- [What you need to do]: Please copy out the records that follow, word for word.

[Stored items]
• • • • • • •

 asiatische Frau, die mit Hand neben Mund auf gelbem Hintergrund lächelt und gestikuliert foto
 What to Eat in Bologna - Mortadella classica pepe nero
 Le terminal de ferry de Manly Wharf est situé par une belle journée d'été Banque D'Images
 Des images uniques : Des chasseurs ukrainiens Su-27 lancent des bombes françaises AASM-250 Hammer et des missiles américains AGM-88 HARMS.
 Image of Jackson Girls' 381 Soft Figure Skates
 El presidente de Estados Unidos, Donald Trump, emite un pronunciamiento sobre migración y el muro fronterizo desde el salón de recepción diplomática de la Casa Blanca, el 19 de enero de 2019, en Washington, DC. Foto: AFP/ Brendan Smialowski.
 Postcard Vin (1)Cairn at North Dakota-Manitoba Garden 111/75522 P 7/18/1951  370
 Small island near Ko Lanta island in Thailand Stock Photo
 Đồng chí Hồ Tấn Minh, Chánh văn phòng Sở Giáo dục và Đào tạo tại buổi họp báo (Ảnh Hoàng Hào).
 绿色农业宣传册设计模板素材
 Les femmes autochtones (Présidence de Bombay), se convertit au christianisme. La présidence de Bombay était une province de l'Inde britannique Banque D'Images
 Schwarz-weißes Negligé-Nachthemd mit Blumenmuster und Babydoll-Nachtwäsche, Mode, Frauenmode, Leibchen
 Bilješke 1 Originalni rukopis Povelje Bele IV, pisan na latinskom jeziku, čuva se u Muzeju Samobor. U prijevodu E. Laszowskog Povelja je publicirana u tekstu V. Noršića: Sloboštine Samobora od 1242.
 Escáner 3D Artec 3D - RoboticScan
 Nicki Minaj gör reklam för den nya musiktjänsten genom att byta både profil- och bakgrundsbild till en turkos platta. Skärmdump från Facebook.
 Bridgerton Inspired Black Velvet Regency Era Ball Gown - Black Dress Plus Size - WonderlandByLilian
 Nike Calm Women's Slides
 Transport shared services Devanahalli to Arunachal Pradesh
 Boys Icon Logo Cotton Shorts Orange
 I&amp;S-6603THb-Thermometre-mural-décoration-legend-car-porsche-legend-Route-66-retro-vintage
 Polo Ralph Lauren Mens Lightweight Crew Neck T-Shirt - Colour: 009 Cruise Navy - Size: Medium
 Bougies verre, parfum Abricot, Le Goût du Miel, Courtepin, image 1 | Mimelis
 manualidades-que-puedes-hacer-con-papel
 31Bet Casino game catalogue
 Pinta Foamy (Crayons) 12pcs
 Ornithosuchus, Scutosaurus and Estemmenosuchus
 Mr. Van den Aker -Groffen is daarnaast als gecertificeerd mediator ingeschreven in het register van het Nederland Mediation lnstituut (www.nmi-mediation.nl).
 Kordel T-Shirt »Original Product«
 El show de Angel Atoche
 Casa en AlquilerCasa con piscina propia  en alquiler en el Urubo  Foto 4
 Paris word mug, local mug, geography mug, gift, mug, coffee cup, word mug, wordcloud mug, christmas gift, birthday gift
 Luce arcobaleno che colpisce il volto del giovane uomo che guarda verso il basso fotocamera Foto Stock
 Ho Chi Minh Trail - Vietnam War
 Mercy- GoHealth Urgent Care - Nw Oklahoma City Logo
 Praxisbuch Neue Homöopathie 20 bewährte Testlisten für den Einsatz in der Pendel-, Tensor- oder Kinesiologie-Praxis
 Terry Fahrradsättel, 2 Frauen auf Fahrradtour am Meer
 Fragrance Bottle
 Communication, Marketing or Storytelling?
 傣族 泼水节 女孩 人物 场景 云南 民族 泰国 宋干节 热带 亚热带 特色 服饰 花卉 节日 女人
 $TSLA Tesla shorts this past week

• • • • • • •

- [Answer for this exercise]:
 asiatische Frau, die mit Hand neben Mund auf gelbem Hintergrund lächelt und gestikuliert foto
 What to Eat in Bologna - Mortadella classica pepe nero
 Le terminal de ferry de Manly Wharf est situé par une belle journée d'été Banque D'Images
 Des images uniques : Des chasseurs ukrainiens Su-27 lancent des bombes françaises AASM-250 Hammer et des missiles américains AGM-88 HARMS.
 Image of Jackson Girls' 381 Soft Figure Skates
 El presidente de Estados Unidos, Donald Trump, emite un pronunciamiento sobre migración y el muro fronterizo desde el salón de recepción diplomática de la Casa Blanca, el 19 de enero de 2019, en Washington, DC. Foto: AFP/ Brendan Smialowski.
 Postcard Vin (1)Cairn at North Dakota-Manitoba Garden 111/75522 P 7/18/1951  370
 Small island near Ko Lanta island in Thailand Stock Photo
 Đồng chí Hồ Tấn Minh, Chánh văn phòng Sở Giáo dục và Đào tạo tại buổi họp báo (Ảnh Hoàng Hào).
 绿色农业宣传册设计模板素材
 Les femmes autochtones (Présidence de Bombay), se convertit au christianisme. La présidence de Bombay était une province de l'Inde britannique Banque D'Images
 Schwarz-weißes Negligé-Nachthemd mit Blumenmuster und Babydoll-Nachtwäsche, Mode, Frauenmode, Leibchen
 Bilješke 1 Originalni rukopis Povelje Bele IV, pisan na latinskom jeziku, čuva se u Muzeju Samobor. U prijevodu E. Laszowskog Povelja je publicirana u tekstu V. Noršića: Sloboštine Samobora od 1242.
 Escáner 3D Artec 3D - RoboticScan
 Nicki Minaj gör reklam för den nya musiktjänsten genom att byta både profil- och bakgrundsbild till en turkos platta. Skärmdump från Facebook.
 Bridgerton Inspired Black Velvet Regency Era Ball Gown - Black Dress Plus Size - WonderlandByLilian
 Nike Calm Women's Slides
 Transport shared services Devanahalli to Arunachal Pradesh
 Boys Icon Logo Cotton Shorts Orange
 I&amp;S-6603THb-Thermometre-mural-décoration-legend-car-porsche-legend-Route-66-retro-vintage
 Polo Ralph Lauren Mens Lightweight Crew Neck T-Shirt - Colour: 009 Cruise Navy - Size: Medium
 Bougies verre, parfum Abricot, Le Goût du Miel, Courtepin, image 1 | Mimelis
 manualidades-que-puedes-hacer-con-papel
 31Bet Casino game catalogue
 Pinta Foamy (Crayons) 12pcs
 Ornithosuchus, Scutosaurus and Estemmenosuchus
 Mr. Van den Aker -Groffen is daarnaast als gecertificeerd mediator ingeschreven in het register van het Nederland Mediation lnstituut (www.nmi-mediation.nl).
 Kordel T-Shirt »Original Product«
 El show de Angel Atoche
 Casa en AlquilerCasa con piscina propia  en alquiler en el Urubo  Foto 4
 Paris word mug, local mug, geography mug, gift, mug, coffee cup, word mug, wordcloud mug, christmas gift, birthday gift
 Luce arcobaleno che colpisce il volto del giovane uomo che guarda verso il basso fotocamera Foto Stock
 Ho Chi Minh Trail - Vietnam War
 Mercy- GoHealth Urgent Care - Nw Oklahoma City Logo
 Praxisbuch Neue Homöopathie 20 bewährte Testlisten für den Einsatz in der Pendel-, Tensor- oder Kinesiologie-Praxis
 Terry Fahrradsättel, 2 Frauen auf Fahrradtour am Meer
 Fragrance Bottle
 Communication, Marketing or Storytelling?
 傣族 泼水节 女孩 人物 场景 云南 民族 泰国 宋干节 热带 亚热带 特色 服饰 花卉 节日 女人
 $TSLA Tesla shorts this past week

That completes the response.